설치 환경
OS - Ubuntu 20.04.4 LTS
GPU - NVIDIA GeForce RTX 3080
python 3.8.10
tensorflow와 CUDA, cuDNN 호환 버전 확인
https://www.tensorflow.org/install/source#gpu
→ CUDA 11.2, cuDNN 8.1 설치
1. 그래픽 카드 드라이버 설치
# 설치 가능 드라이버 목록 확인
$ ubuntu-drivers devices
== /sys/devices/pci0000:00/0000:00:01.0/0000:01:00.0 ==
modalias : pci:v000010DEd00002206sv000010DEsd00001455bc03sc00i00
vendor : NVIDIA Corporation
driver : nvidia-driver-515 - distro non-free recommended
driver : nvidia-driver-470 - distro non-free
driver : nvidia-driver-510-server - distro non-free
driver : nvidia-driver-510 - distro non-free
driver : nvidia-driver-470-server - distro non-free
driver : nvidia-driver-515-server - distro non-free
driver : xserver-xorg-video-nouveau - distro free builtin
# recommended 드라이버 자동 설치
$ sudo ubuntu-drivers autoinstall
# or 원하는 드라이버 설치하고 싶다면 ex) nvidia-driver-515
$ sudo apt install nvidia-driver-515
드라이버 설치 후 재부팅
Software & Updates → Additional Drivers에서 nvidia-driver가 체크 되어있는지 확인
드라이버 버전 확인
# 드라이버 버전 확인, 가장 위에 Driver Version
$ nvidia-smi
+-----------------------------------------------------------------------------+
| NVIDIA-SMI 515.65.01 Driver Version: 515.65.01 CUDA Version: 11.7 |
|-------------------------------+----------------------+----------------------+
| GPU Name Persistence-M| Bus-Id Disp.A | Volatile Uncorr.
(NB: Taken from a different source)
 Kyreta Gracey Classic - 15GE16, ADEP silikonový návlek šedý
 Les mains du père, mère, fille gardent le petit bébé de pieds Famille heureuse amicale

ECC |
| Fan Temp Perf Pwr:Usage/Cap| Memory-Usage | GPU-Util Compute M. |
| | | MIG M. |
|===============================+======================+======================|
| 0 NVIDIA GeForce ... Off | 00000000:01:00.0 On | N/A |
| 0% 43C P8 14W / 340W | 680MiB / 10240MiB | 1% Default |
| | | N/A |
+-------------------------------+----------------------+----------------------+
+-----------------------------------------------------------------------------+
| Processes: |
| GPU GI CI PID Type Process name GPU Memory |
| ID ID Usage |
|=============================================================================|
| 0 N/A N/A 908 G /usr/lib/xorg/Xorg 35MiB |
| 0 N/A N/A 13349 G /usr/lib/xorg/Xorg 128MiB |
| 0 N/A N/A 13482 G /usr/bin/gnome-shell 35MiB |
| 0 N/A N/A 13918 G ...213092074326858835,131072 61MiB |
| 0 N/A N/A 15560 G ...RendererForSitePerProcess 131MiB |
| 0 N/A N/A 16298 G ...RendererForSitePerProcess 269MiB |
+-----------------------------------------------------------------------------+
그래픽 드라이버를 설치하면서 cuda도 같이 설치되니 삭제
# cuda 삭제
$ rm -rf /usr/local/cuda*
# PATH 설정
$ sudo vi /etc/profile
> export PATH=$PATH:/usr/local/cuda-11.0/bin
> export LD_LIBRARY_PATH=$LD_LIBRARY_PATH:/usr/local/cuda-11.0/lib64
> export CUDADIR=/usr/local/cuda-11.0
2. CUDA 설치
설치
CUDA Toolkit 11.2를 설치
자신에게 맞는 환경 선택 후 아래에 뜨는 명령어 실행
$ wget https://developer.download.nvidia.com/compute/cuda/11.2.0/local_installers/cuda_11.2.0_460.27.04_linux.run
$ sudo sh cuda_11.2.0_460.27.04_linux.run
이후 뜨는 창에서 Continue 선택
- CUDA 설치 중 오류
# 오류 발생
> Failed to verify gcc version. See log at /var/log/cuda-installer.log for details.
→ gcc가 설치 안돼있으면 뜨는 오류
# gcc 설치
sudo apt-get install gcc
설치 후 다시 실행
Continue 선택 → accept 입력 후
드라이버는 이미 설치되어 있으므로 드라이버만 선택 해제 후 Install
환경변수 설정
# 환경 변수 설정
$ sudo sh -c "echo 'export PATH=$PATH:/usr/local/cuda-11.2/bin' >> /etc/profile"
$ sudo sh -c "echo 'export LD_LIBRARY_PATH=$LD_LIBRARY_PATH:/usr/local/cuda-11.2/lib64' >> /etc/profile"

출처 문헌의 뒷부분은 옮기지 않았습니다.